I have been seeing my boyfriend for 18 months. We are both divorced and each have our own children who are grown up and have left our respective homes. I met him online and was horrified to discover after a few months that I know (and actively dislike) his ex-wife. She is a bit of a Queen Bee who is very attention seeking and dramatic, quite opposite to my temperament. They divorced in 2009 but remain good friends. When she found out that I was seeing him she tried to become friends with me and became quite unpleasant to me when I didn't jump at the chance!
My boyfriend is aware of this but he is a sweet and rather passive man who just wants a quiet life. He told me that his ex-wife irritates him but he puts up with it for the sake of the family. They all spend Christmas together at his house every year and meet up regularly for walks and coffee. I can cope with the Christmas thing and have spent the last couple of Christmases with my youngest daughter and her partner, but am not happy with the other meetings.

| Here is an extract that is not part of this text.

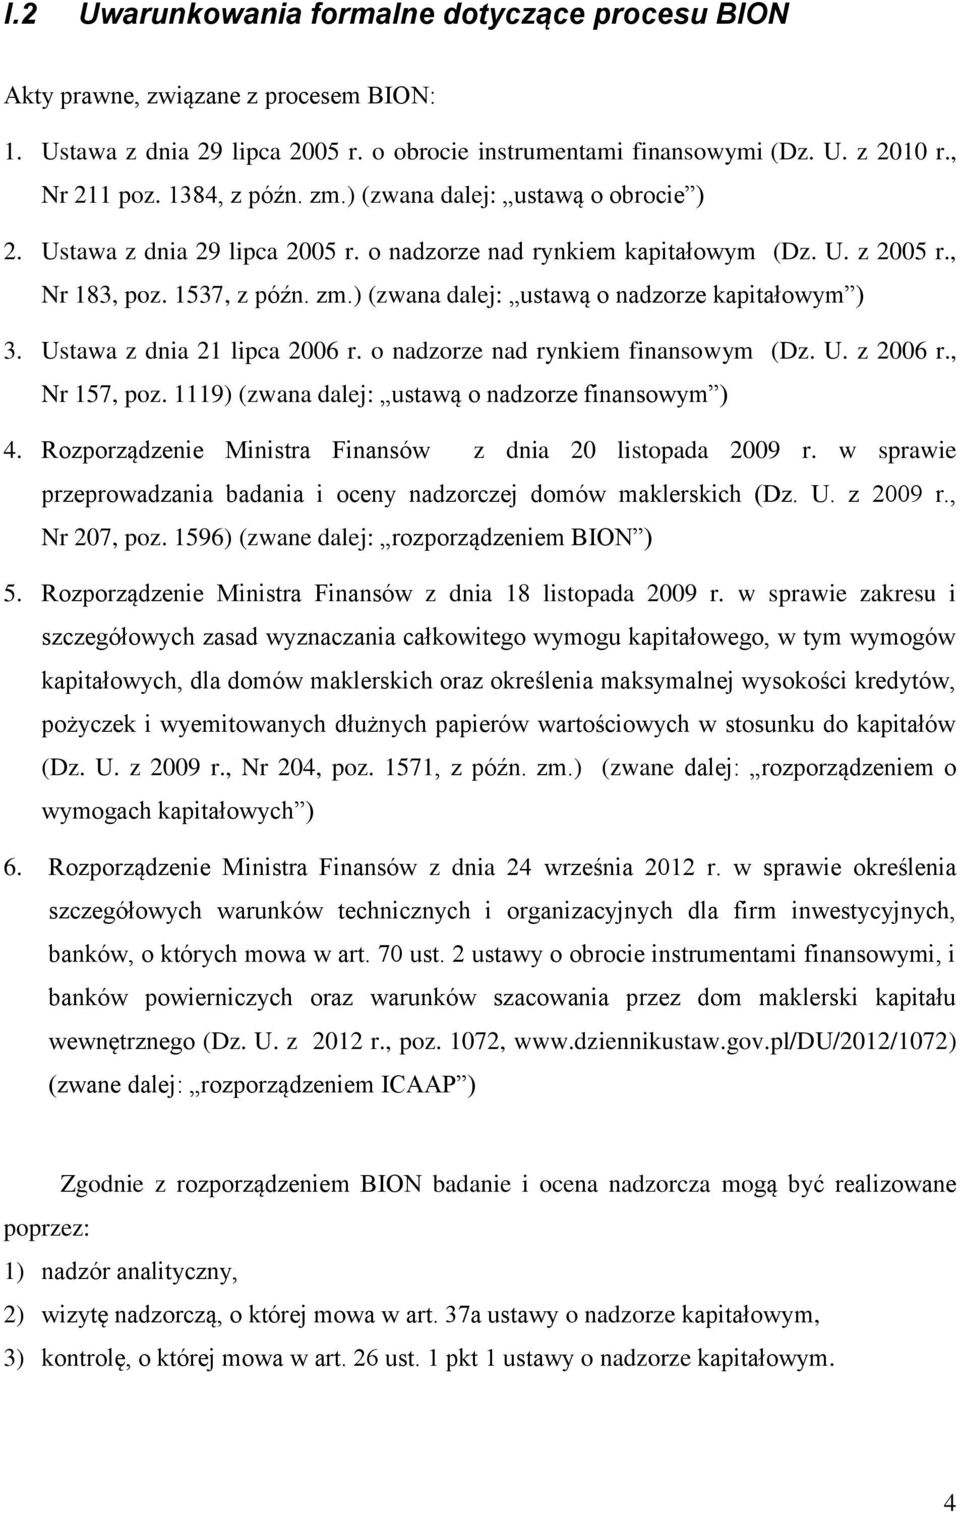 Ustawa z dnia 21 lipca 2006 r. o nadzorze nad rynkiem finansowym (Dz. U. z 2006 r., Nr 157, poz. 1119) (zwana dalej: ustawą o nadzorze finansowym ) 4.

In addition he is also still close friends with the rest of his ex's family and talks about them with great admiration. I have met most of them and learned quite a lot about them and I'm afraid I do not like them or their behaviour towards others. We had an argument about it at the weekend as he kept insisting that they were amazing people. I thought that he and I had similar values but it became clear that we differ strongly on what we consider to be acceptable behaviour and what we are prepared to overlook. I am not sure whether there is a future for us, but I do worry that I am being too fussy and should accept that nobody is perfect.